# [Data shown]
######

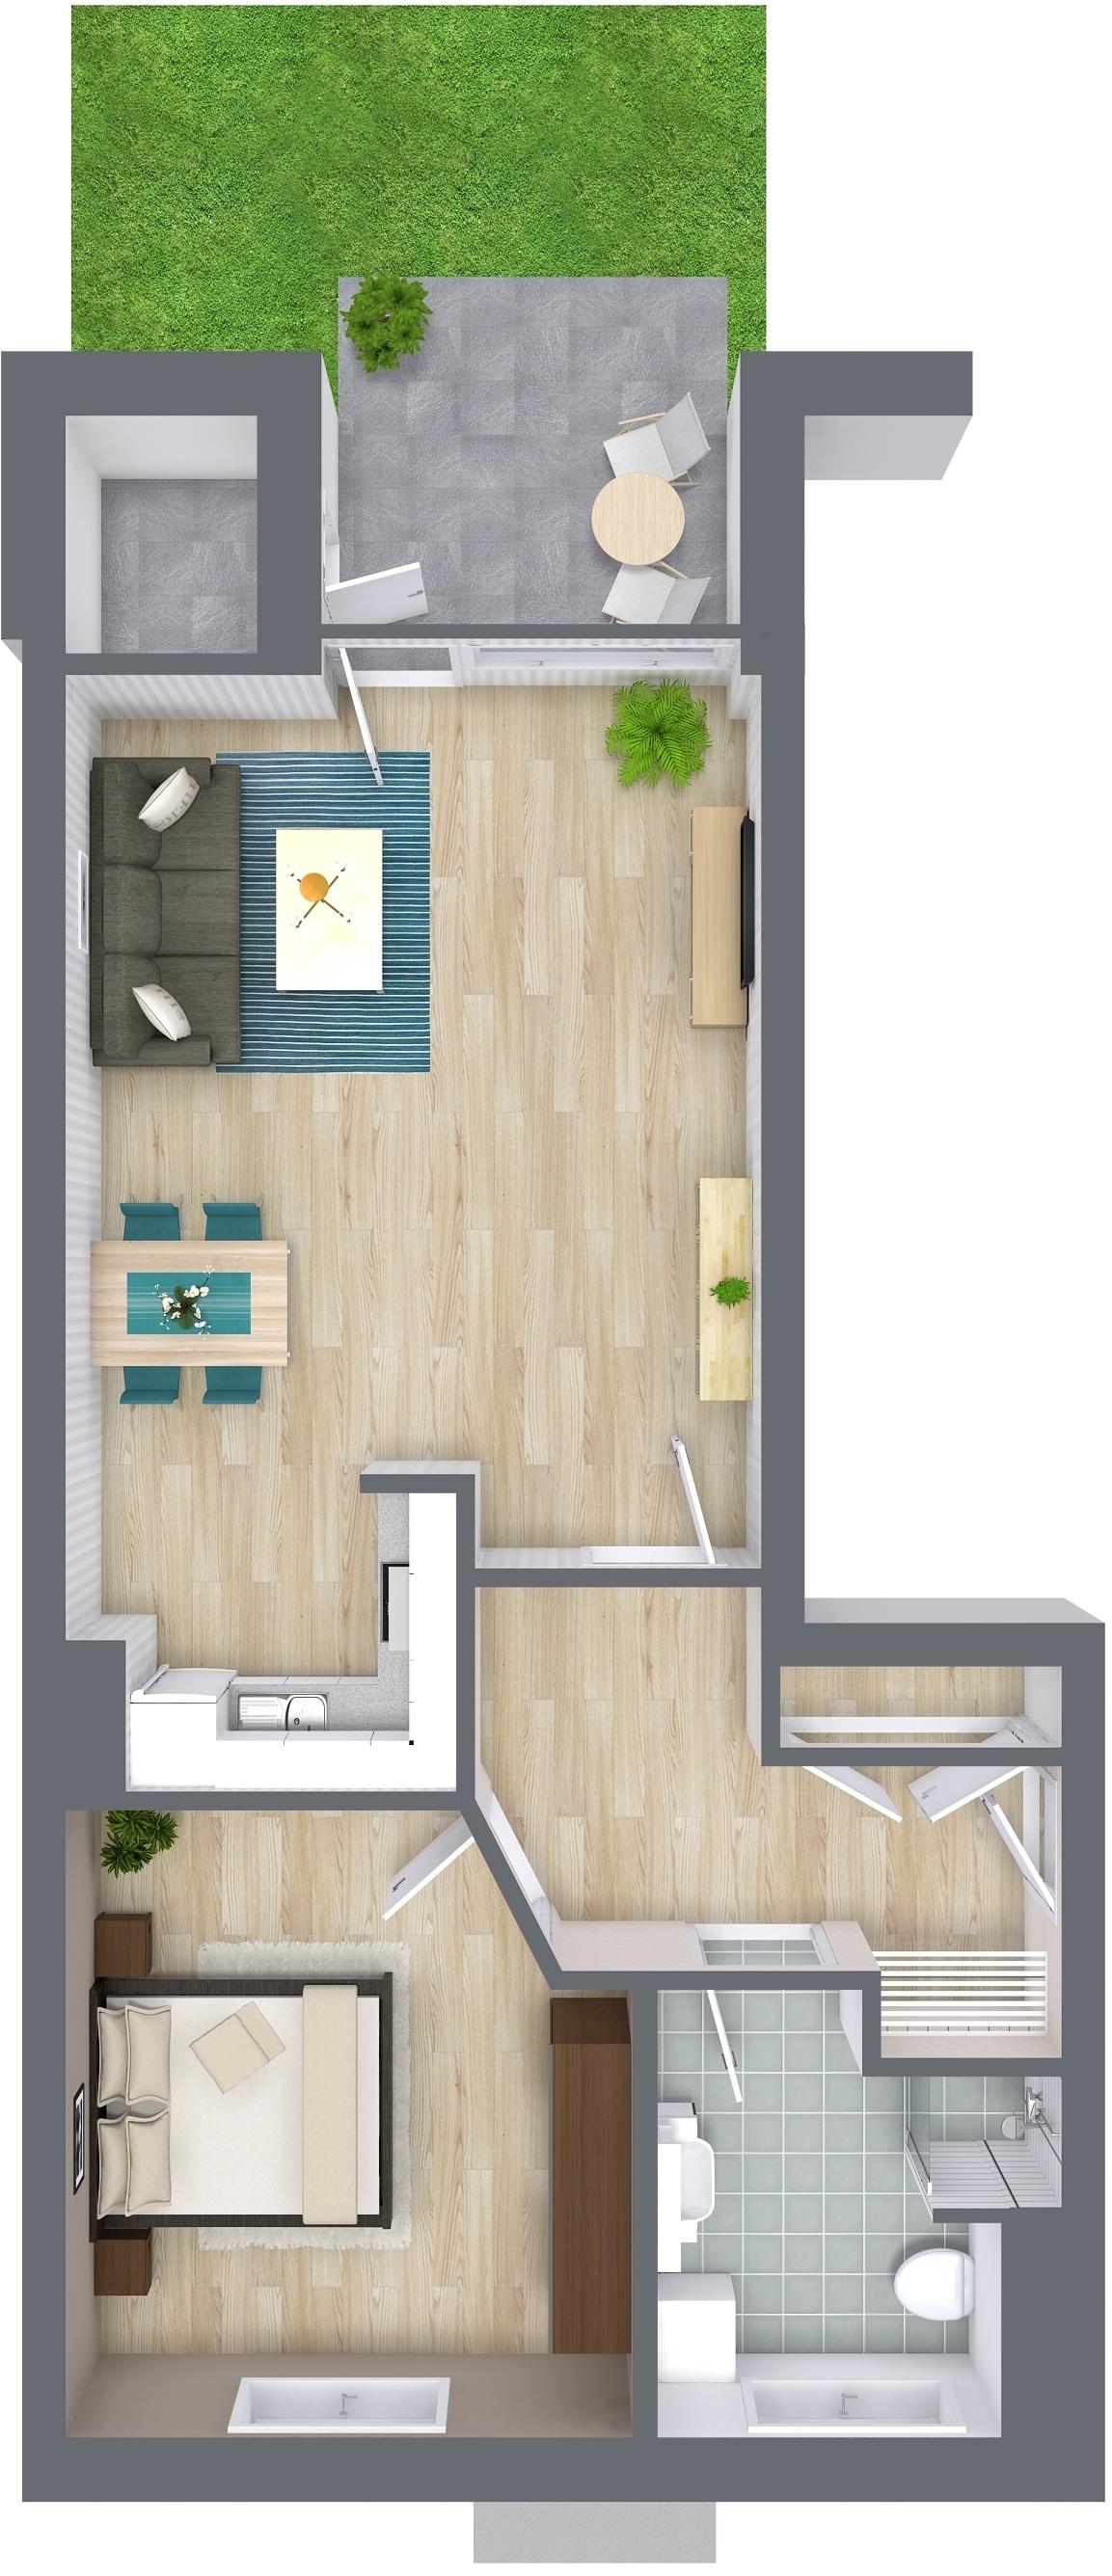 die 2 zimmer alternative b3 oliver klenz der immobilienprofi. Black Bedroom Furniture Sets. Home Design Ideas
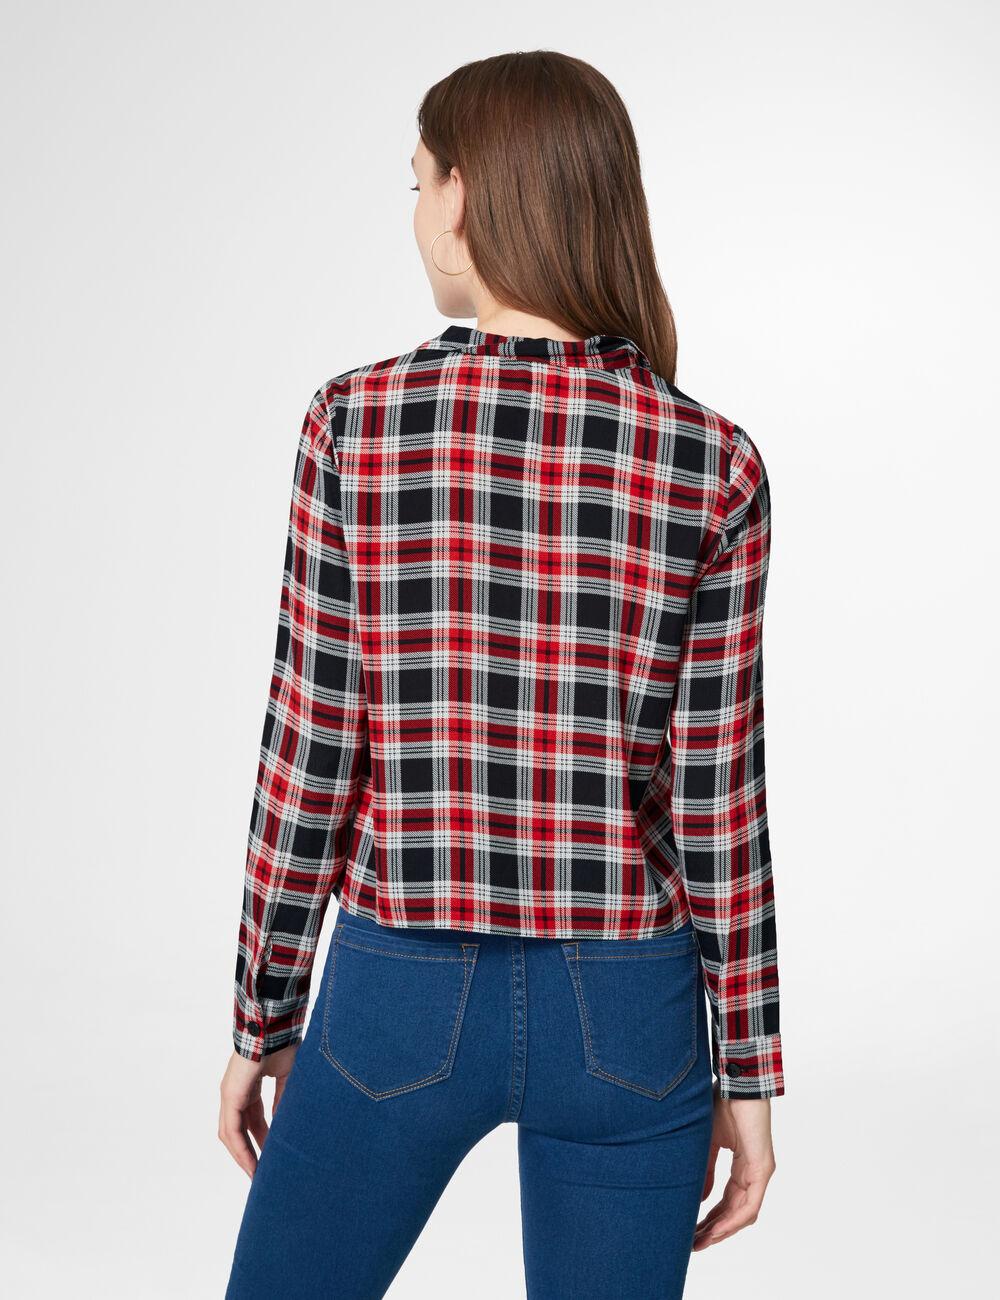 Chemise à carreaux rouge et noir femme • Jennyfer b21b4d3c2d6b
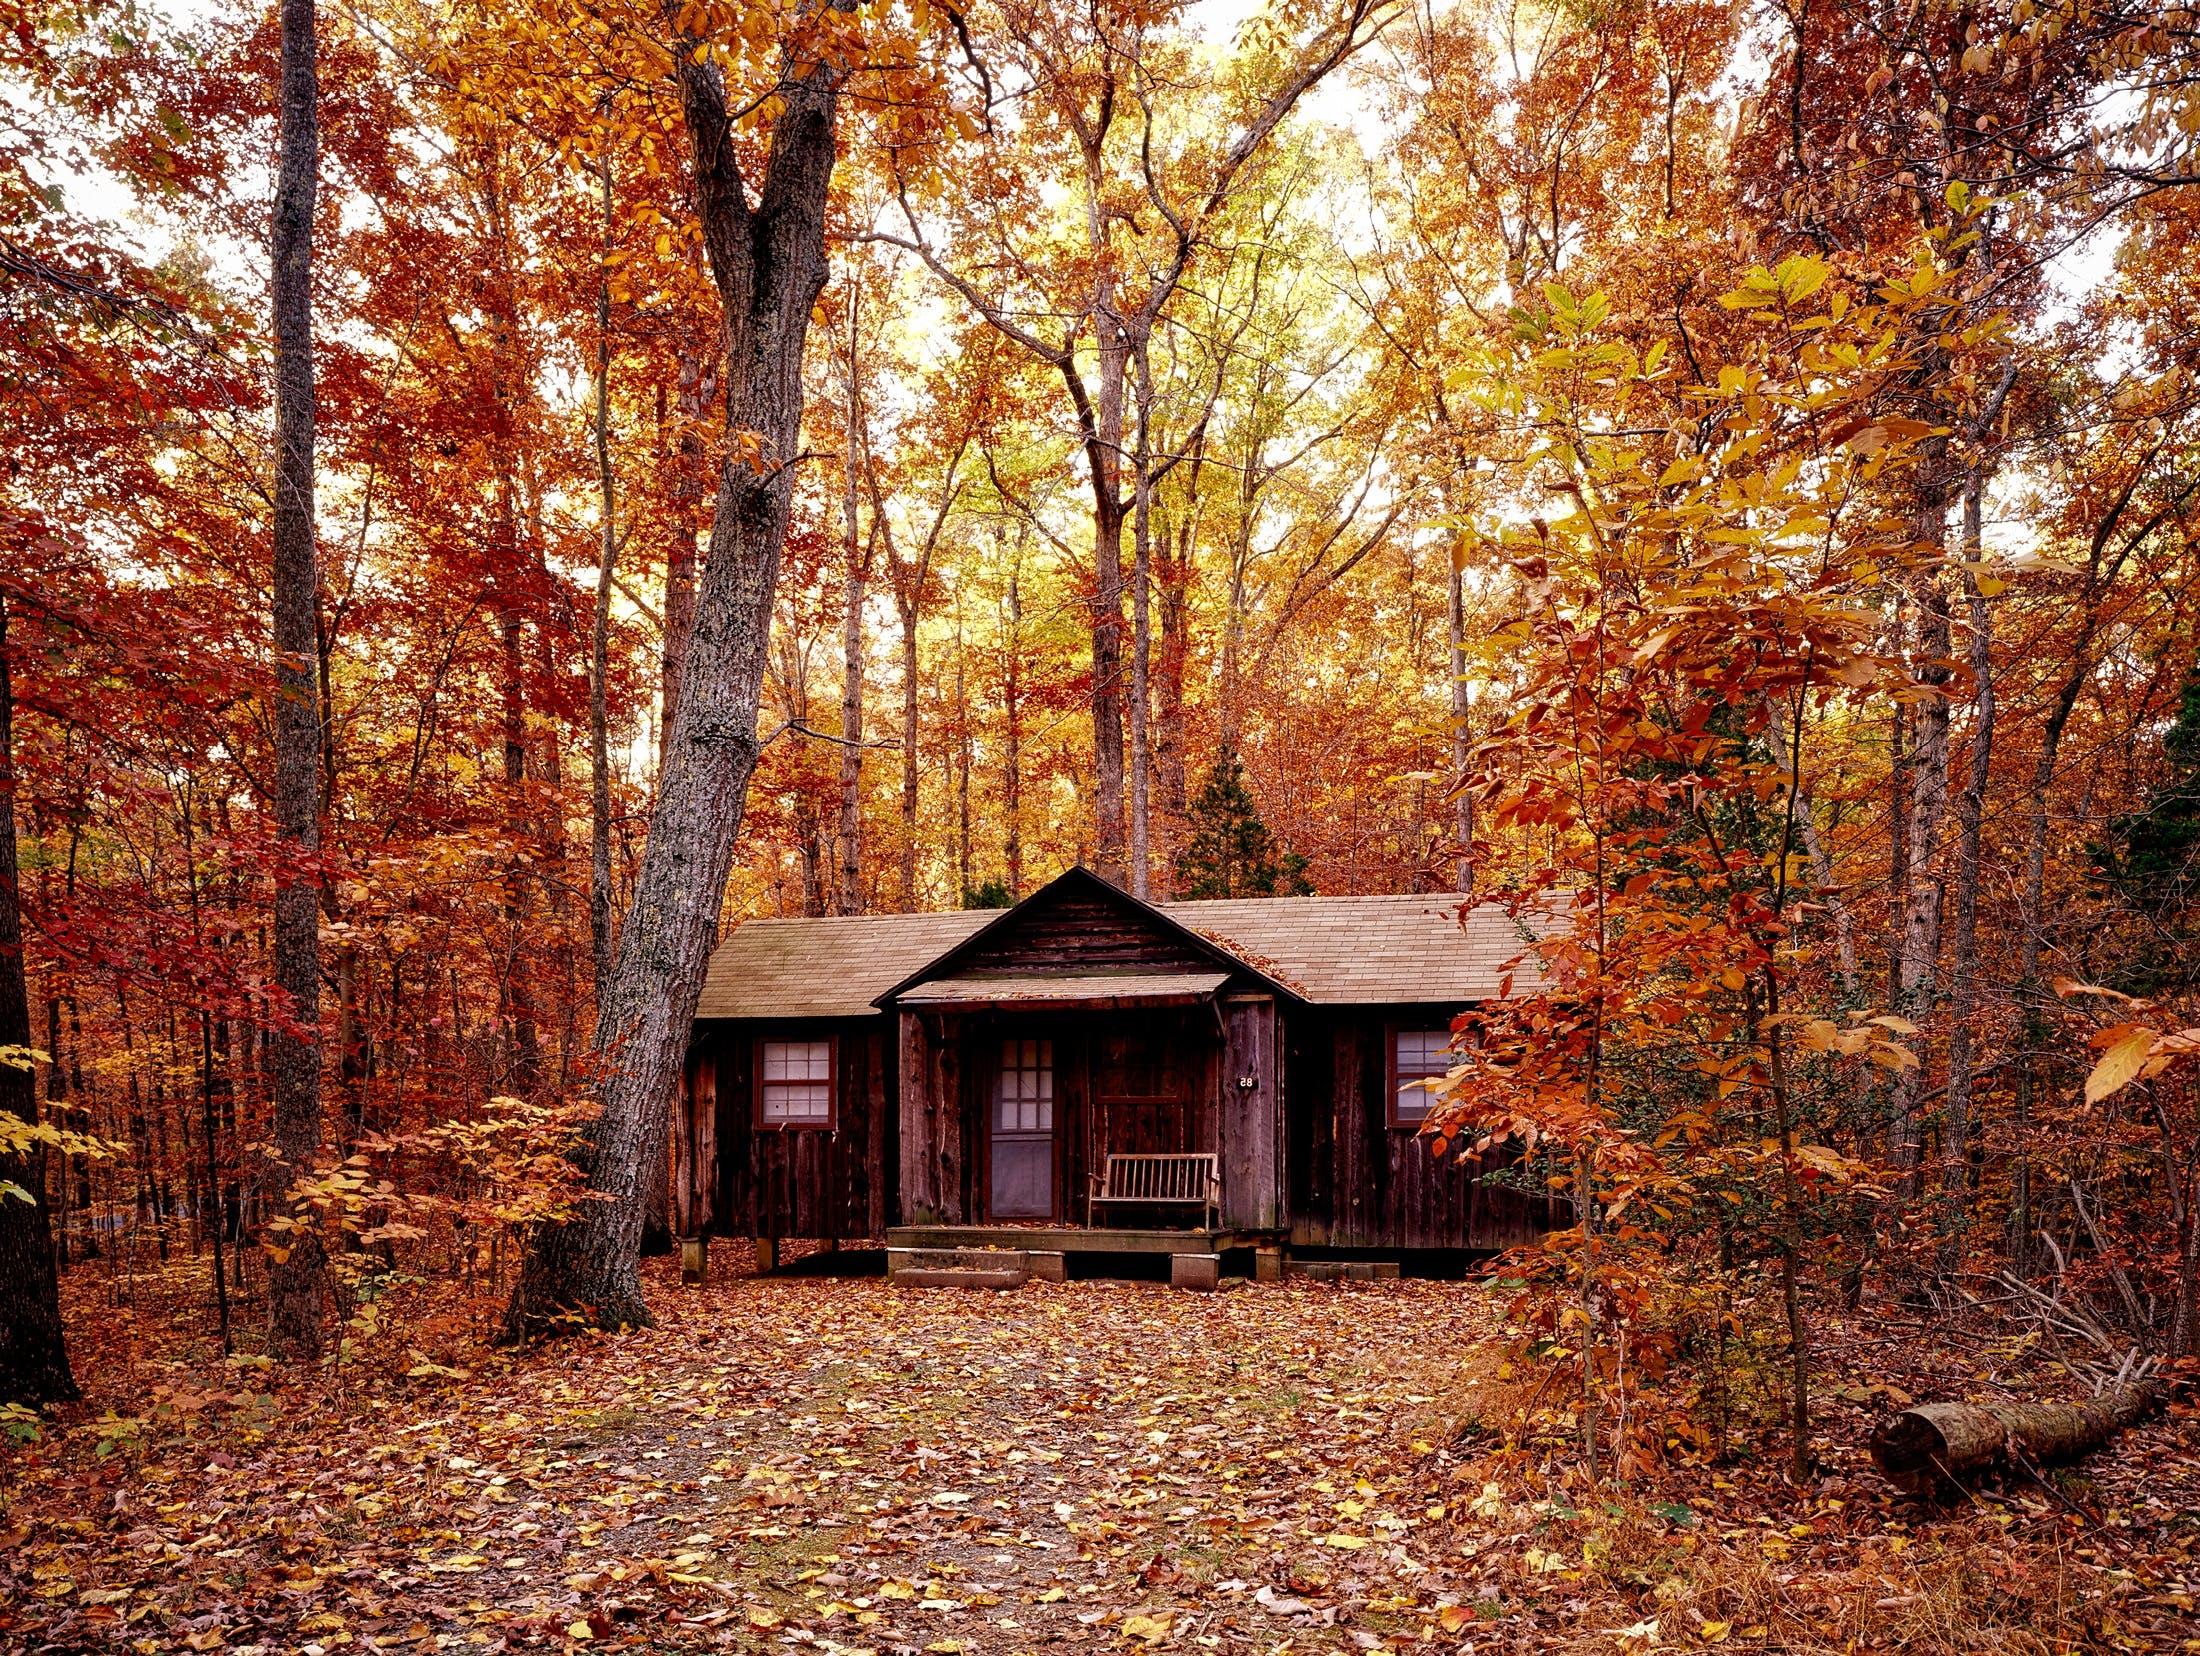 Kostenloses Stock Foto zu licht, landschaft, wald, bäume
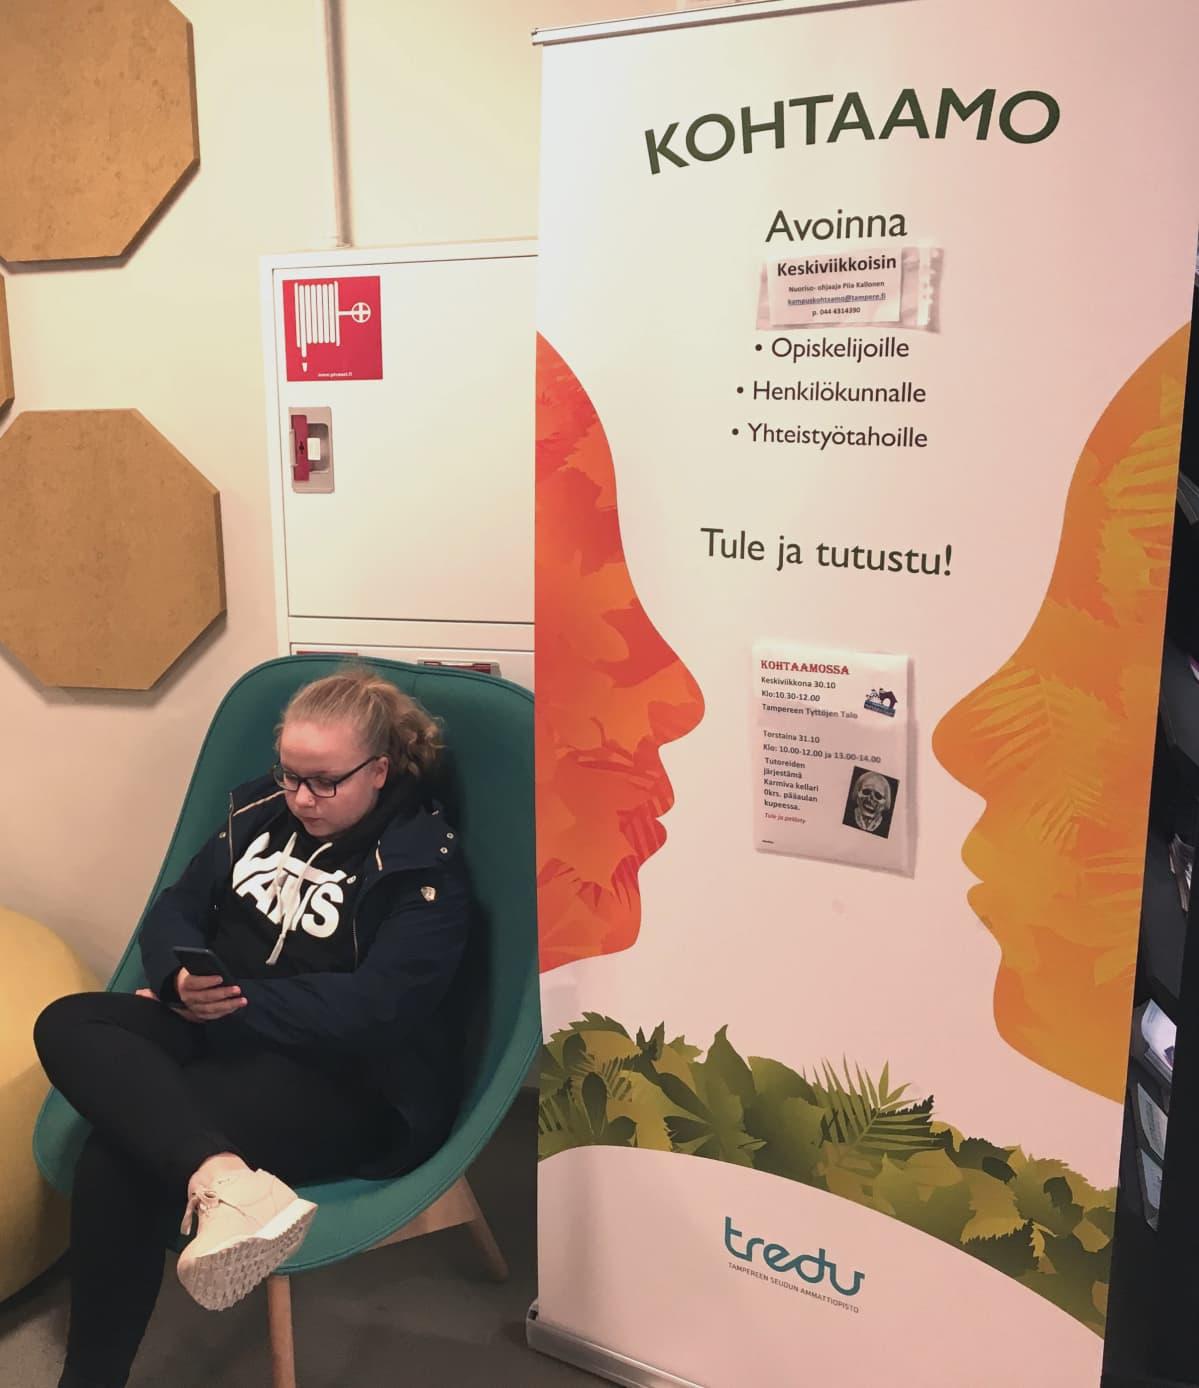 Tyttö selaa kännykkää tuolilla istuen. Vieressä on iso juliste, jossa lukee Kohtaamo, ja alla pienemmällä tietoa toiminnasta.

######

# [Required action]
Pictures stay out; everything else in the listing above gets repeated exactly.

# [Answer section]
 die 2 zimmer alternative b3 oliver klenz der immobilienprofi. Black Bedroom Furniture Sets. Home Design Ideas
 Chemise à carreaux rouge et noir femme • Jennyfer b21b4d3c2d6b
 Kostenloses Stock Foto zu licht, landschaft, wald, bäume
 Tyttö selaa kännykkää tuolilla istuen. Vieressä on iso juliste, jossa lukee Kohtaamo, ja alla pienemmällä tietoa toiminnasta.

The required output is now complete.